Si la retina está sana y la disección se ha realizado correctamente, las células ganglionares de la persona deben ser visibles en la CID a gran aumento (fig. 1A). Retinas no saludables se tienen grandes núcleos, granulado y debe ser desechado. Si la respuesta sináptica de las células ganglionares dado está intacta, la célula debe responder al inicio de la luz o el desplazamiento de los potenciales de acción y, en el caso de una de las células ganglionares intrínsecamente fotosensibles-(fig. 1B), una despolarización sostenida.

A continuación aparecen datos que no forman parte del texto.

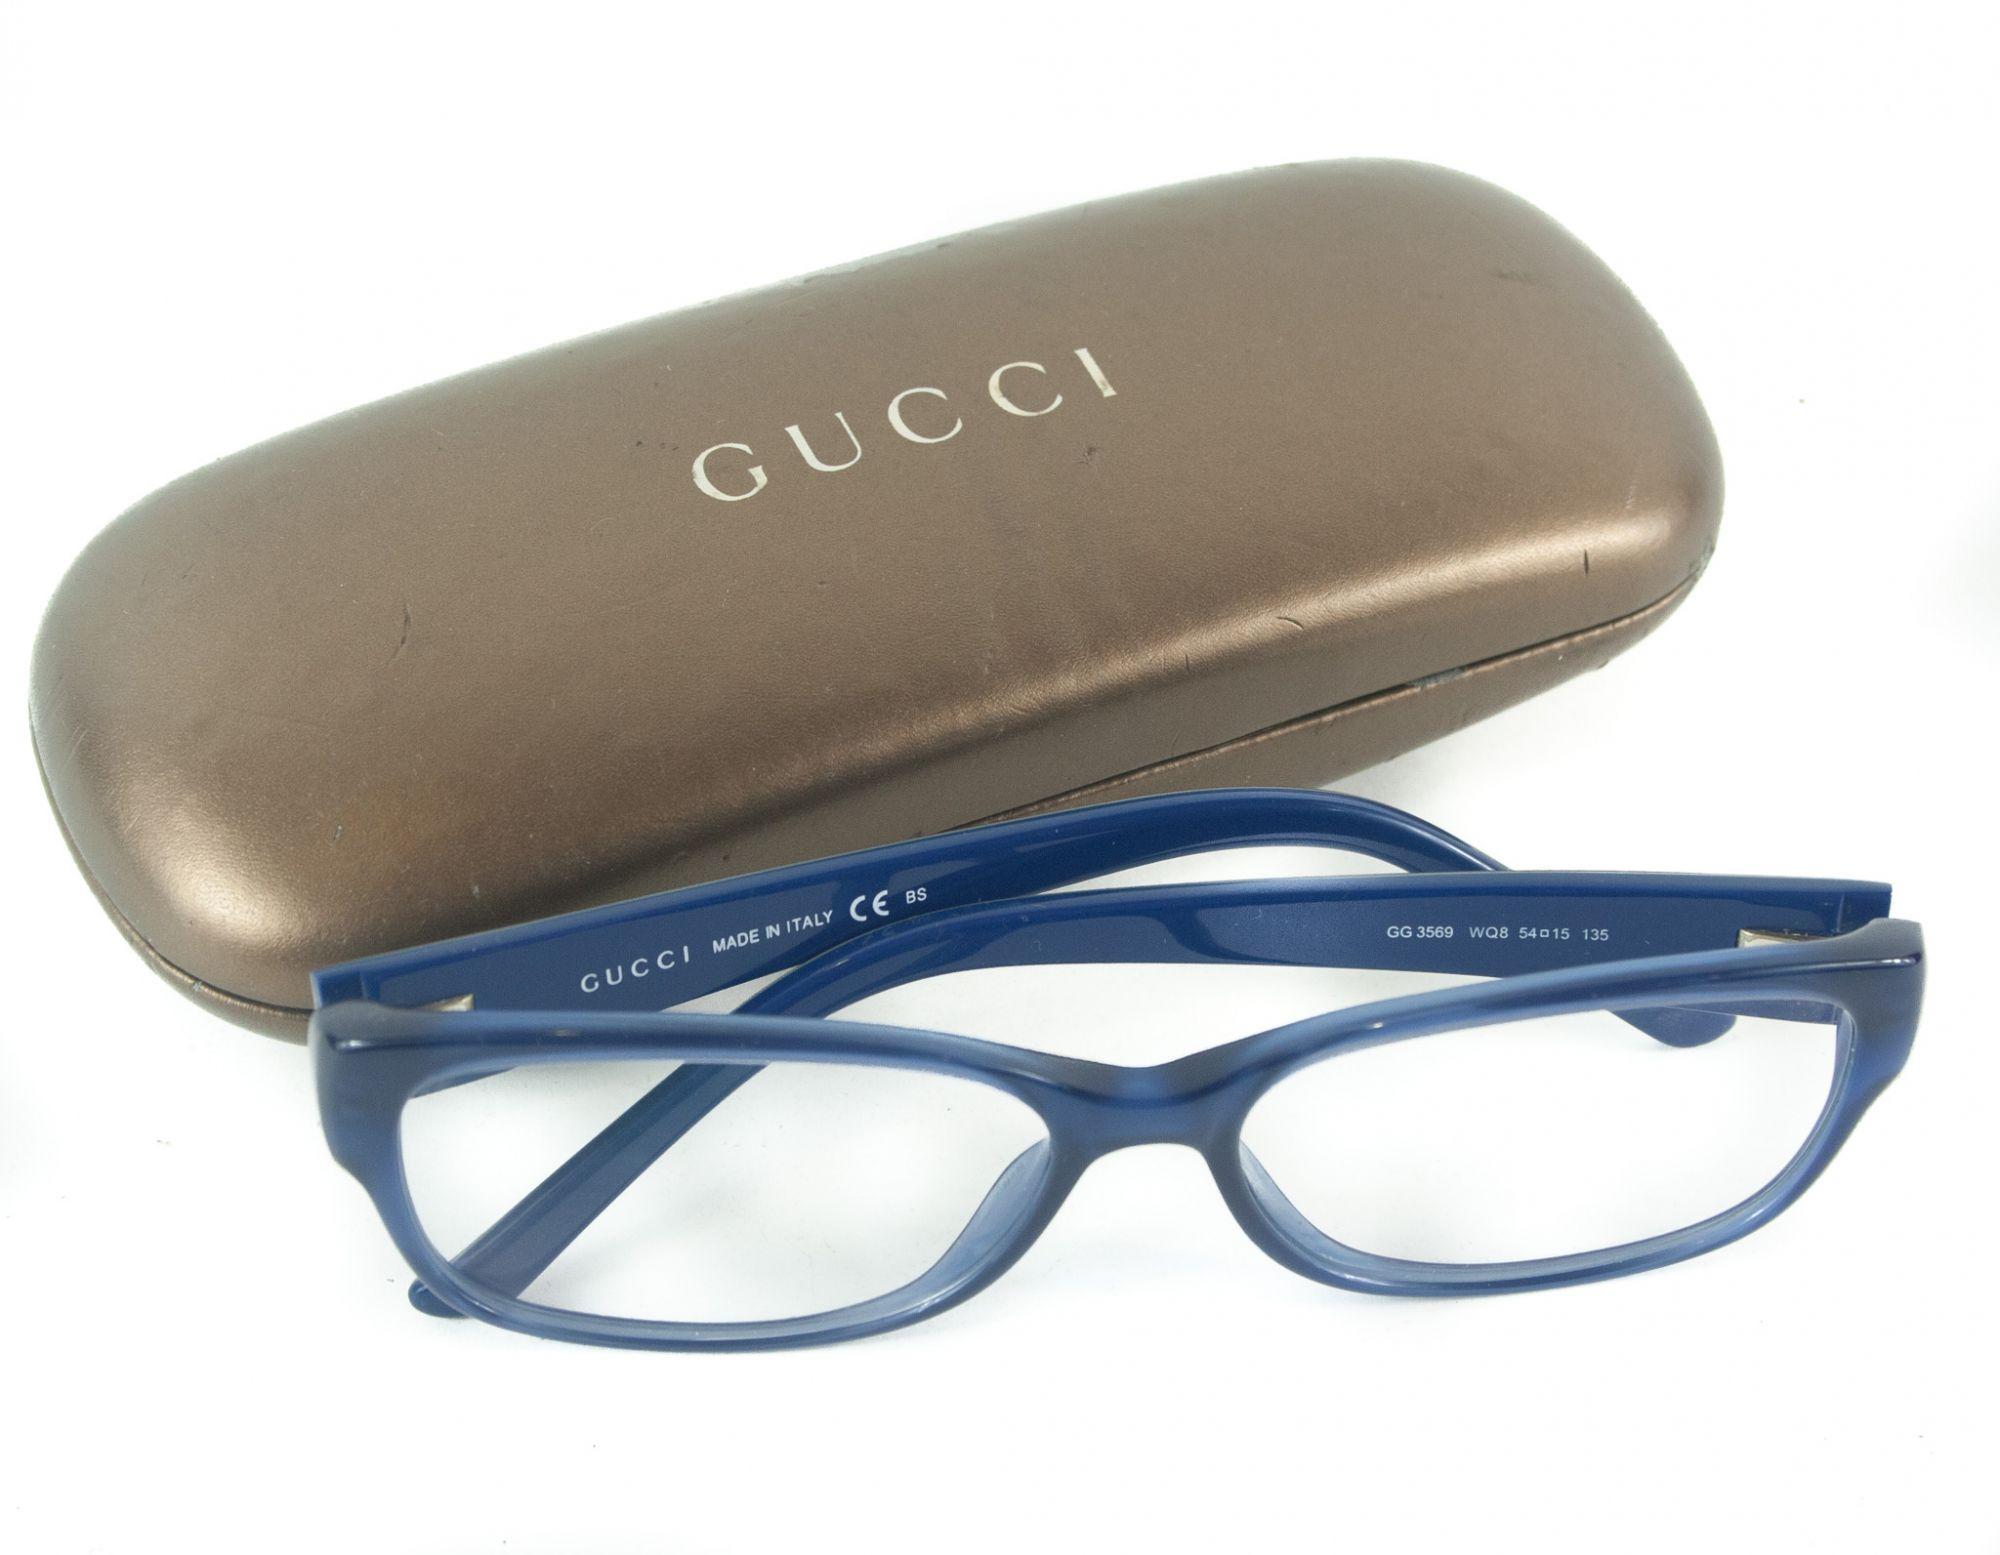 Eyeglasses Caliber

Figura 1. Localización, registro y tinción de las células ganglionares de la retina marcados con fluorescencia. (A) RGC GFP positivos visualizado bajo iluminación epifluorescencia con un aumento de 40X (izquierda) y con iluminación DIC (panel derecho). (B) respuesta a la luz de una Synaptic células ganglionares de la retina intrínsecamente fotosensibles M2 registró en su conjunto de células modo de pinza de corriente de la CGR, marcados con fluorescencia. (C) M1 células ganglionares retinianas intrínsecamente fotosensibles que se identificó bajo epifluorescencia, blanco de células enteras de grabación, llenos de neurobiotin, y luego procesadas para inmunohistoquímica.

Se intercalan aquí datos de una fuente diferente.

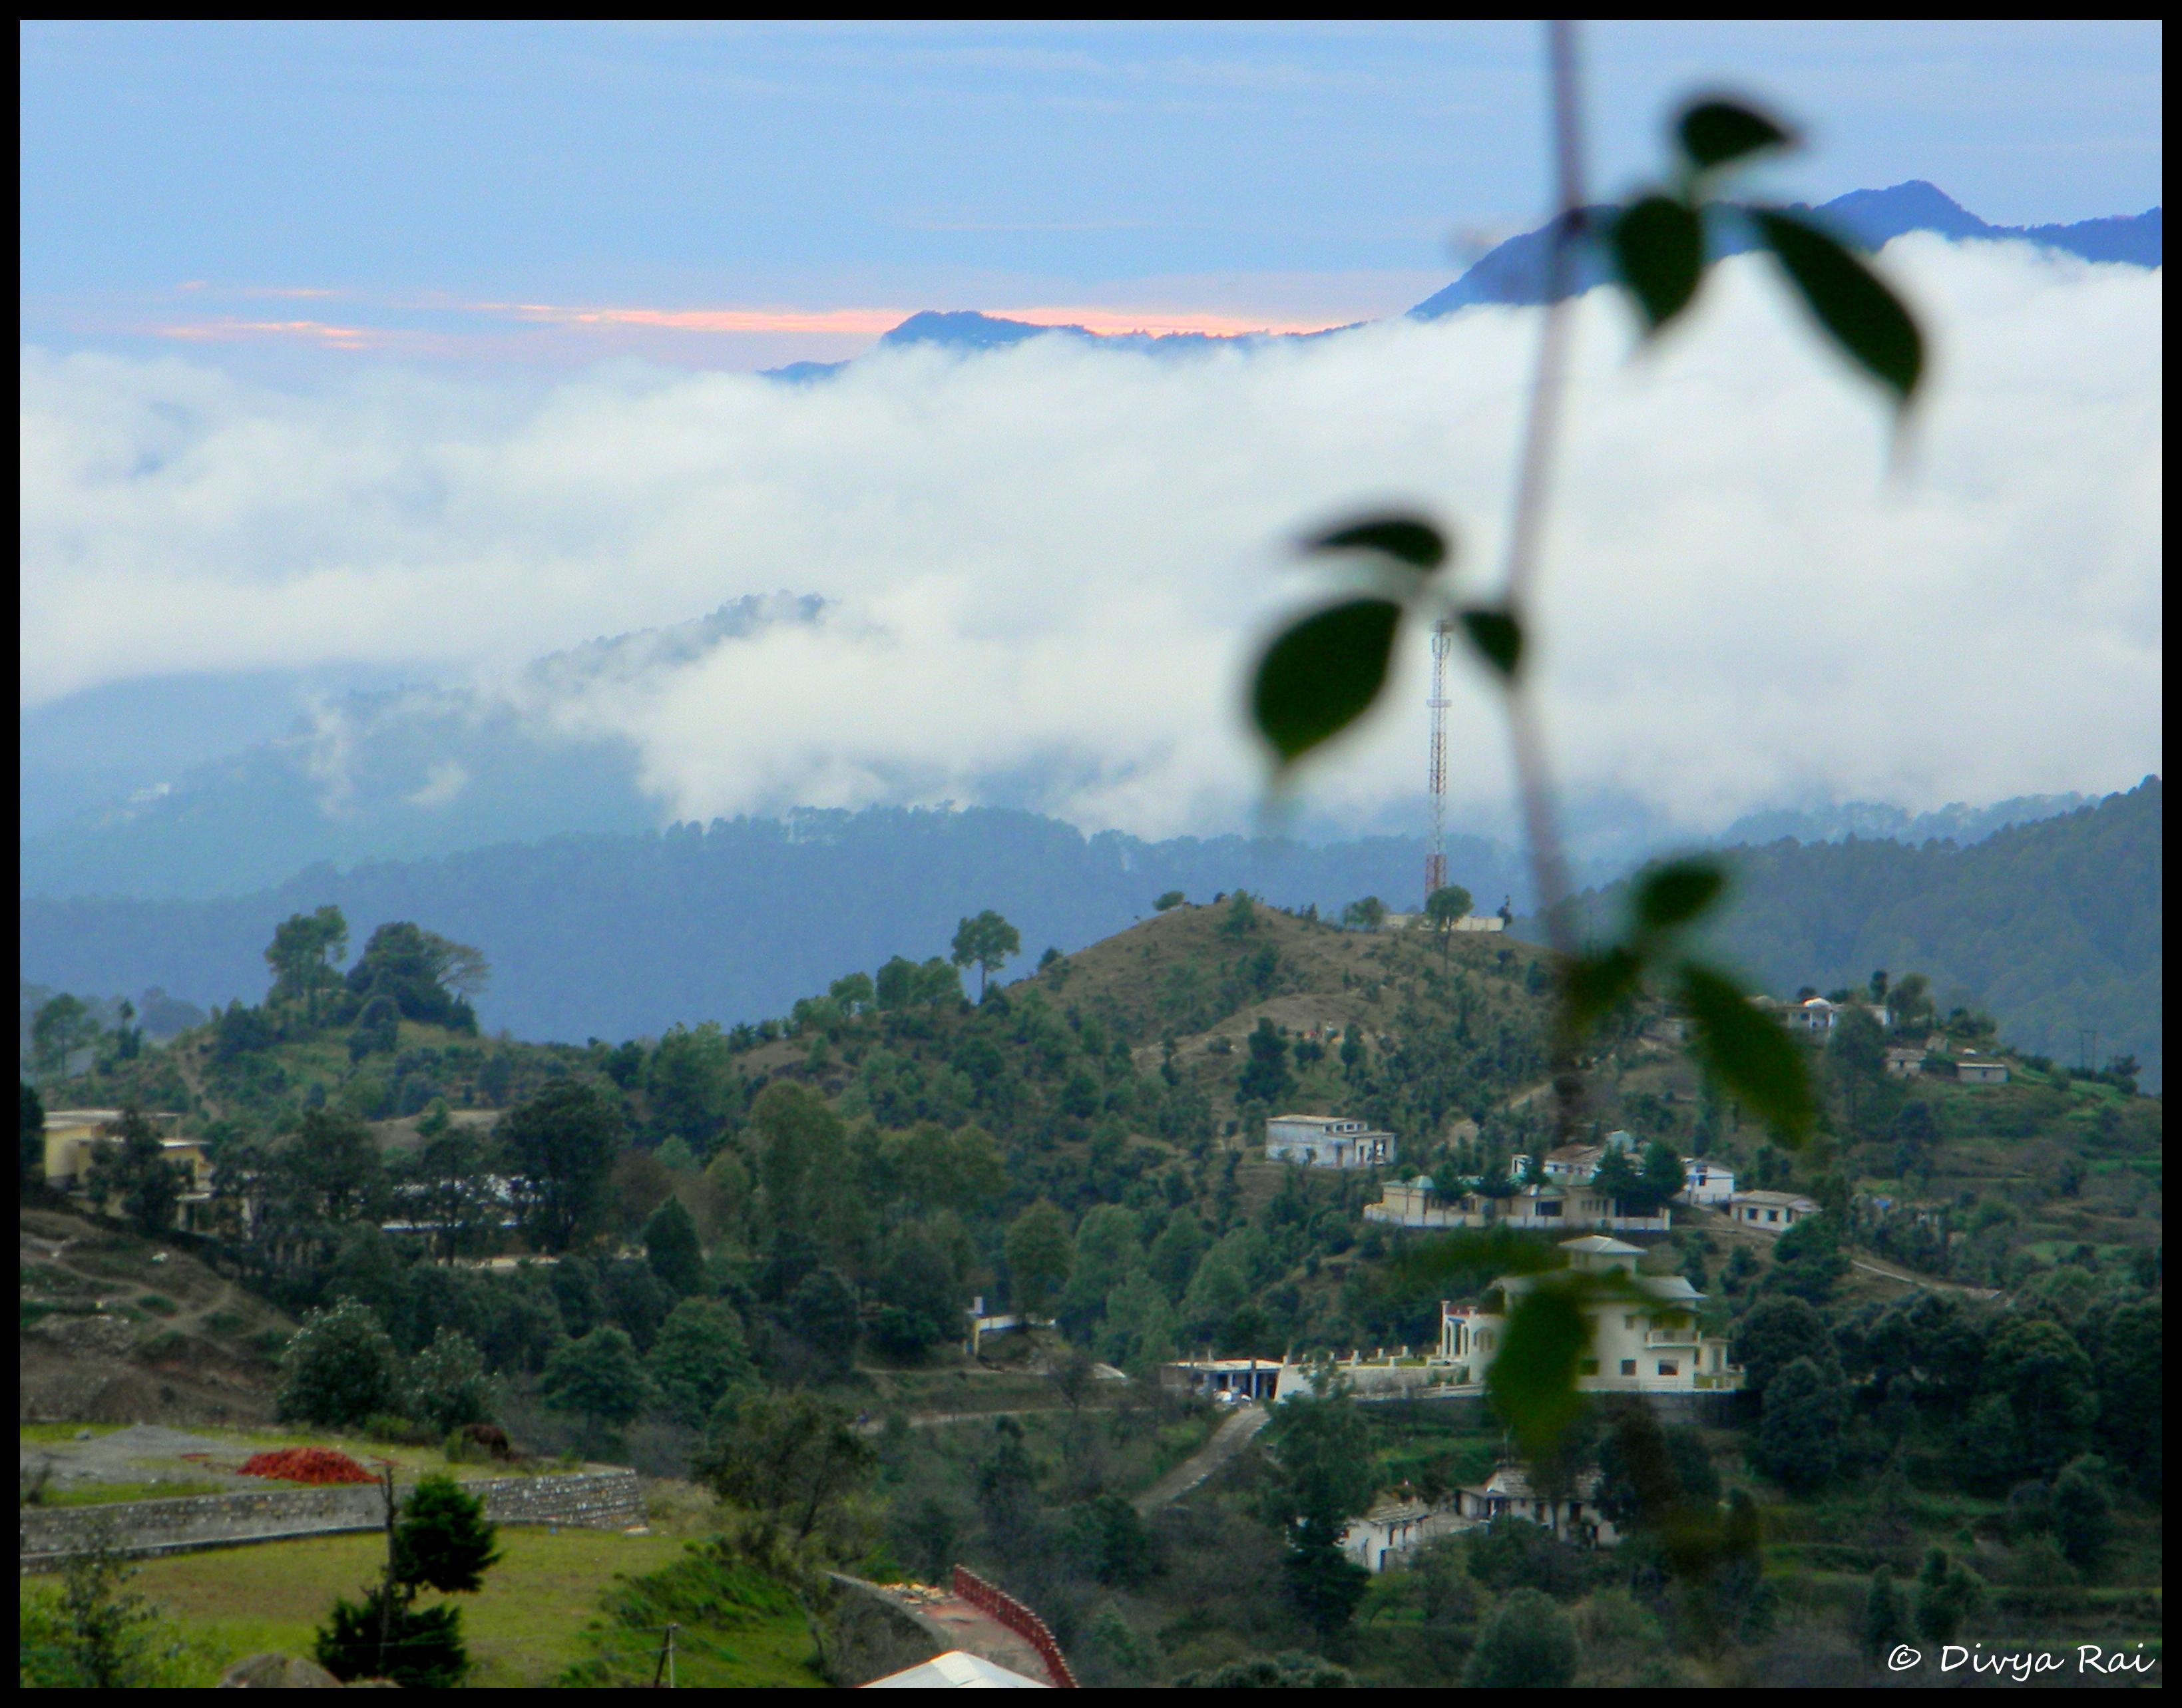 A Himalayan settlement

Esta técnica es aplicable a todas las grabaciones de células ganglionares de la retina de una retina aislada. Aunque en la línea de ratón utilizado anteriormente intrínsecamente fotosensibles, melanopsina expresar CGR se etiquetan con EGFP ^{2, 5,} este protocolo es fácilmente transferible a otras líneas de marcado con fluorescencia RGC o puede ser generalizada para grabar desde CGR seleccionados al azar también. Esta técnica es particularmente útil debido a que el cenador dendríticas de cada CGR y sus respectivas neuronas de entrada se deja completamente intacta. Las grabaciones pueden ser fácilmente realizadas en los modos de pinza de corriente o voltaje, celular conectado o suelto parches de configuración, o incluso puede ser utilizado para el parche nucleadas, dentro o fuera de las configuraciones, parches de membranas de las células ganglionares retinianas. Esta técnica se puede adaptar fácilmente para grabar de marcado con fluorescencia células amacrinas desplazadas ⁷ o incluso a los no-desplazados amacrinas ⁸ Una de las limitaciones de la utilización de la fluorescencia para localizar las células ganglionares de la retina es que siempre debe ser expuesto a la luz para la identificación de RGC antes de la grabación . Por lo tanto, esta preparación puede no ser adecuado para la grabación de la barra las respuestas mediadas por menos cromóforo exógeno se incluye en la solución del baño y / o la ojera y el epitelio pigmentario retiniano se deja unida a la retina ^9. Si el objetivo es registrar la barra respuestas mediadas por la luz, entonces deben tomar precauciones especiales para evitar el blanqueo de la rodopsina fotopigmento. La disección debe realizarse bajo condiciones de luz infrarroja (es decir, ^10).

Para llevar a cabo una disección de éxito, es importante que la disección se realiza lo más rápidamente posible. Es especialmente importante que el vítreo se elimina correctamente con las pinzas. Si el vítreo está restantes, a continuación, después de la digestión enzimática de la retina se cubre con una película pegajosa hacer parches éxito difícil. Para obtener buenas grabaciones, es particularmente importante que la retina está bien oxigenada, lo que significa que la solución extracelular se burbujea con fuerza y ​​la velocidad de flujo es lo suficientemente alta a través de la cámara. También es importante para minimizar la exposición a la luz de los tejidos una vez que la retina está aislada de la ojera.

Este trabajo fue apoyado en parte por subvenciones del NIH R01EY012949, R21EY018885, T32 EY0707133. Damos las gracias a Darwin la horca por su asistencia técnica.